Learning Paths » 5A Interacting

GMargarit - The Waste Land
by GMargarit - (2009-02-03)
Up to  Modernist Literary Output. From V. Woolf to T.S.Eliot to J. JoyceUp to task document list
It is an anthology of states of mind based on hallucinations, fragmentary, impressions and opposition.
The Burial of the Dead focuses on the opposition between sterility and fertility, life and death.
The poem starts with a sense with a resistance to change, which we can see in lines, where he speaks, about "forgetful snow", "April is the cruellest month" and "dried tubers".
The concept of history is conveyed through quotations. T.S. Elliot wants to show that events are repeated in the history and that some situations of the past prepare future developments, so the poem is seen as living unity.
The present and the past exist in the same time in every mind and create a continuity of space and time.
Thanks to the mythical method he shows the contrast between present and past speaking about the present waste life in contrast with metaphor of men's search of spiritual salvation of the Oly Grail.
In the first stanza, Elliot describes April as a cruel month and opposes it to Winter. He recalls the opening of Canterbury Tales, where Chaucer describes April as the month of rebirth. The myth of fertility appears in the first stanza with the verbs "breeding", "stirring" and in the seven line he speaks about a "little life" which is juxtaposed to "dried tubers" which give us the image of sterility. The technical of juxtaposition is a precise choice to highlight particular concept.

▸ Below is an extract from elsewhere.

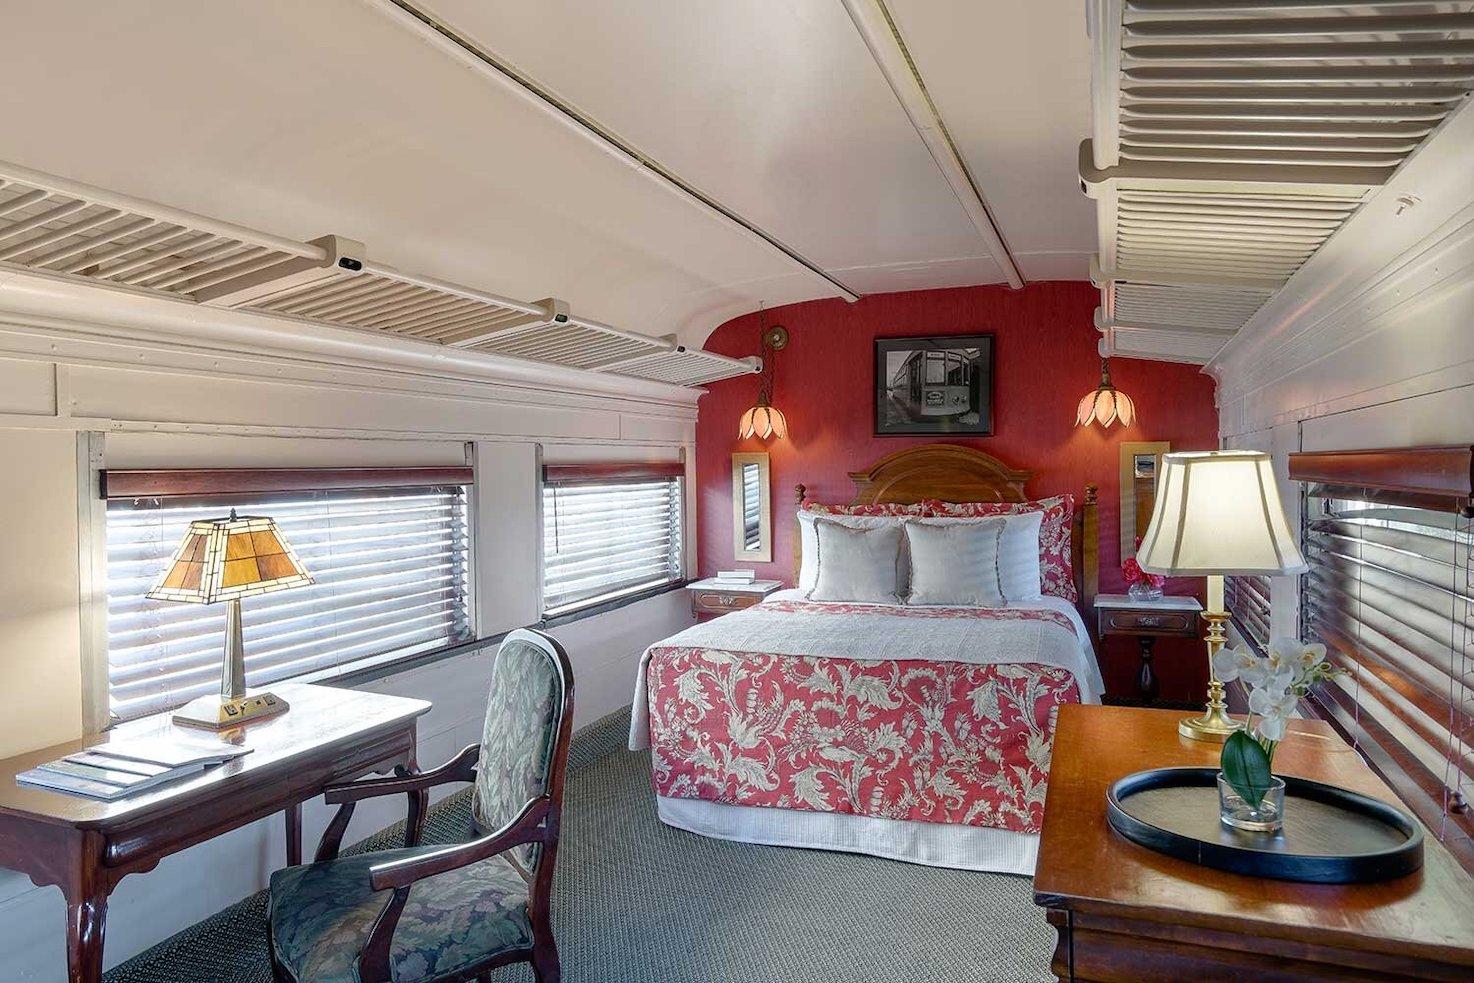 Pulman Train Car room Chattanooga Choo Choo Hotel.

The rhythm scheme is free, which emphasizes the confusion and fragmentary of ideas, as a matter of fact from line 8 to line 18, we find images of landscape, children and German sentences.

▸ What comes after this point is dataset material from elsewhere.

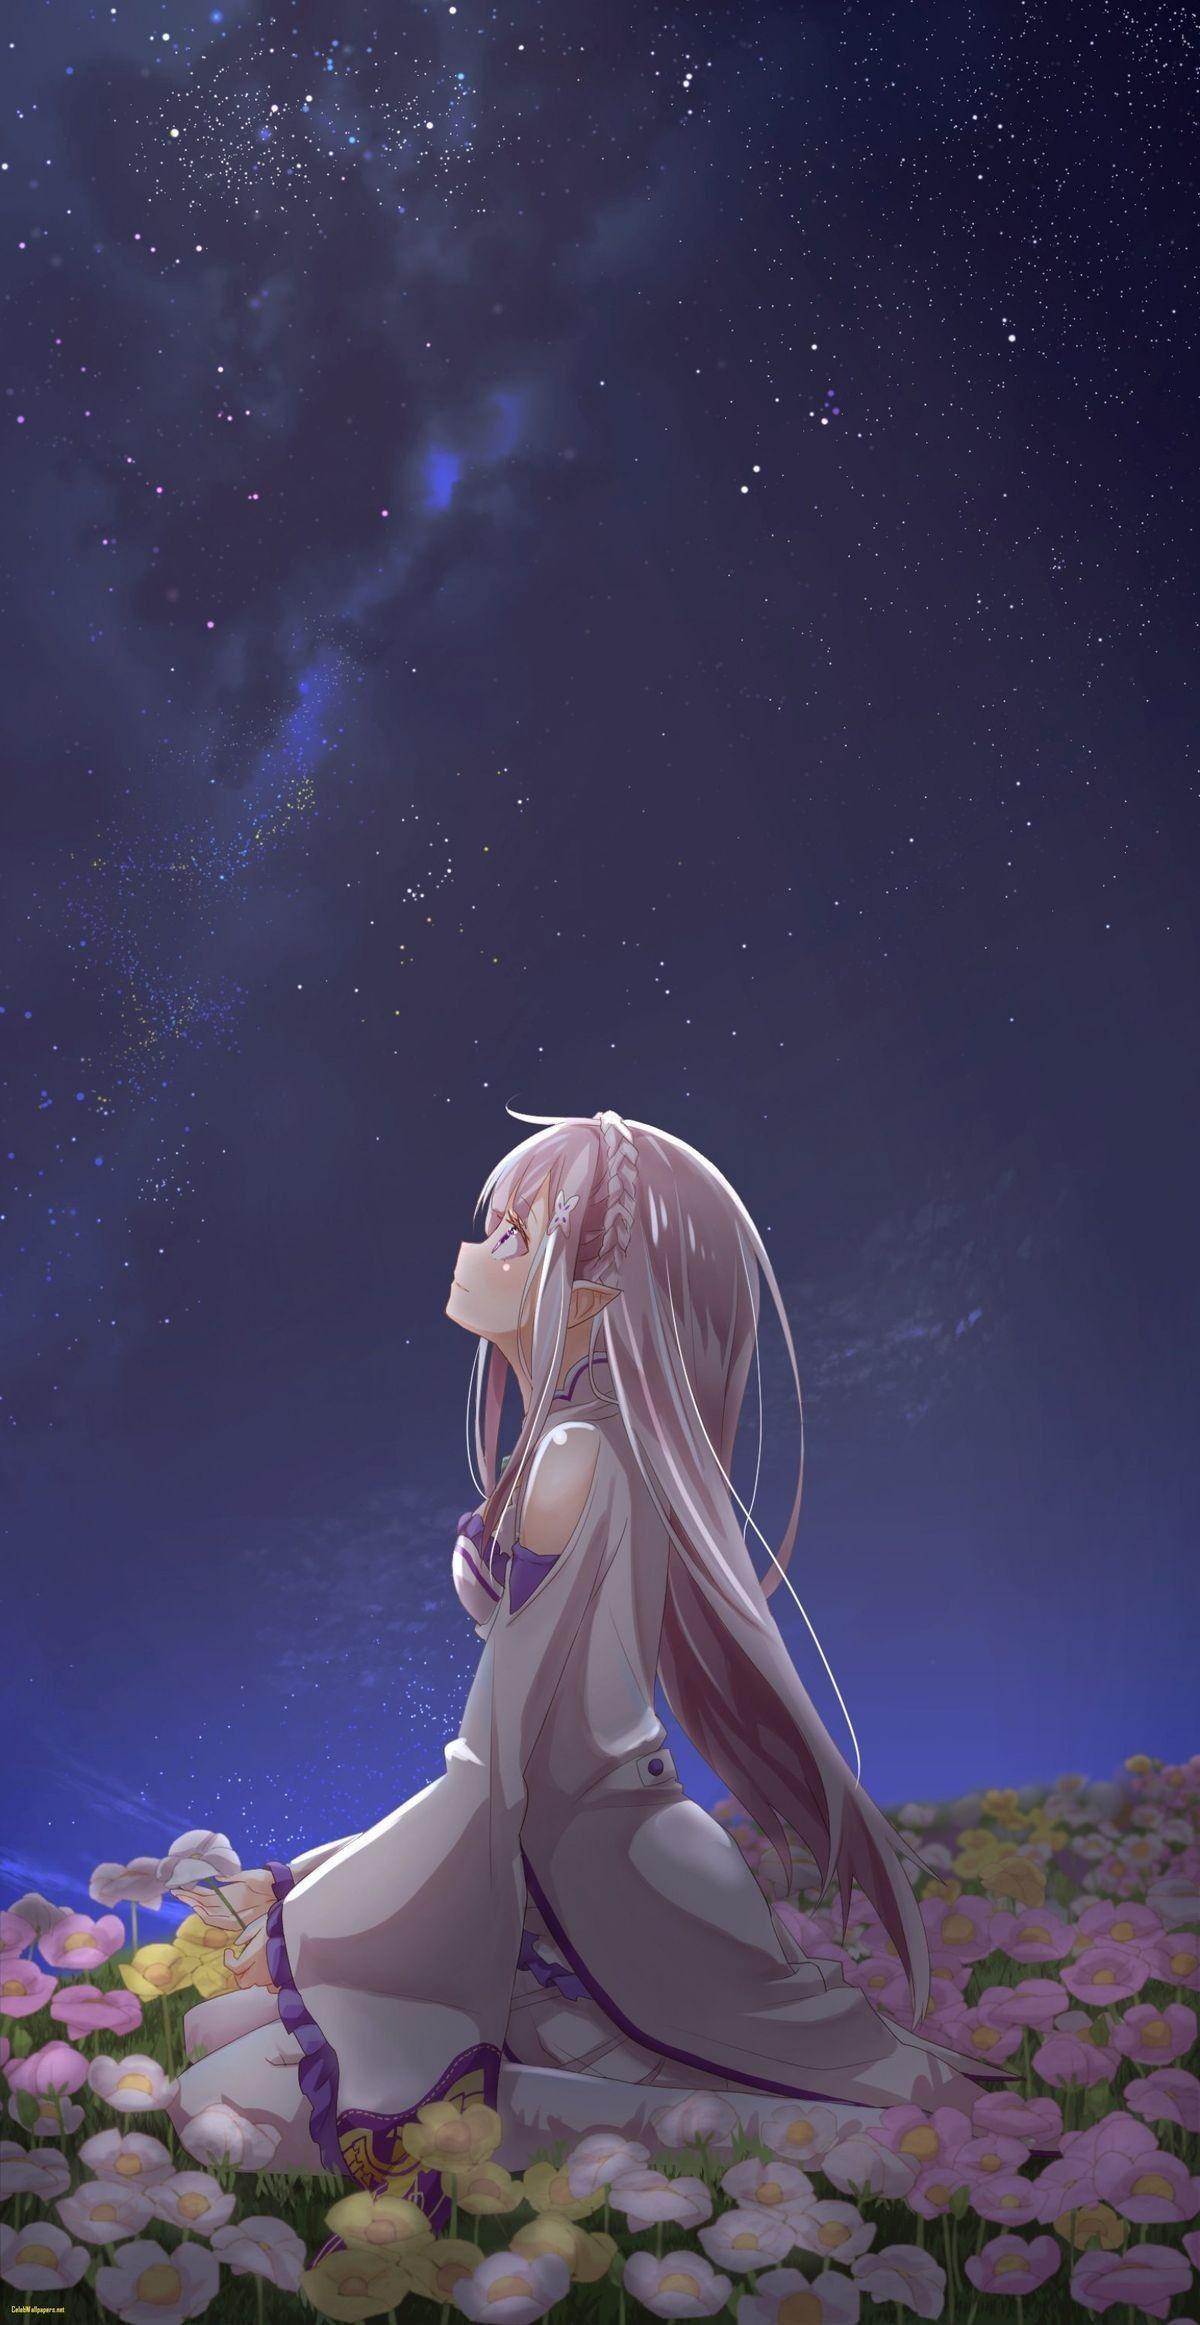 Emilia Anime background, Hd anime wallpapers, Anime

In the second stanza the author uses the technical of implication through the questions the reader should answer. The use of metaphor, through the technique of objective correlative refers to the main idea of old composition, evoking sensation of sterility and fertility and images of life and death: "a dead tree" isn't even able to produce shadow. In this stanza there is the repetition of the word "shadow" and the sound "sh", it recalls the sound of water which is the image of fertility, it is antithesis with drieness which represents sterility.
In third stanza we find the figure of Madame Sosostris, a famous clairyante who appears as a normal woman. She reads the cards projecting the mind in future but a future with the fear of death; (a scene which recalls the "walking around the ring" of people in the "Divina Commedia")
In the last stanza the speaking voice describes the contemporary life in the city in contrast with the Heroic past, using hints from work of art of literally masterpiece: "I had not thought death had undone so many", "sighs, short and infrequent, were exhaled", "There I saw one I knew and stopped him, crying, Stetson" refers to Divina Commedia.
The image of London is unreal, full of "ghosts" and which are hopeless. The connection of present and past which live in the same time in the mind and it is clear in line 68 where the stroke of nine means the opening time of offices of the City but recalls the time when Christ died. The idea of dead merges in the line 71, where the (corps) recalls the Egyptian rite: they buried the god of fertility.
The poem is characterized by a frequent use of different personal pronomes, "We", "I", "you" and "he", shifting from passive actor, common people and an accompliance. The author involves the reader, to become a sort of character in the flow of thoughts of the writer.
The poem reveals the fragmentary of the present world, and gives the image of the life, lived between life and death, sterility and fertility, Spring and Winter, water and drieness. We have the sensation of negativity of a life embodying death within life.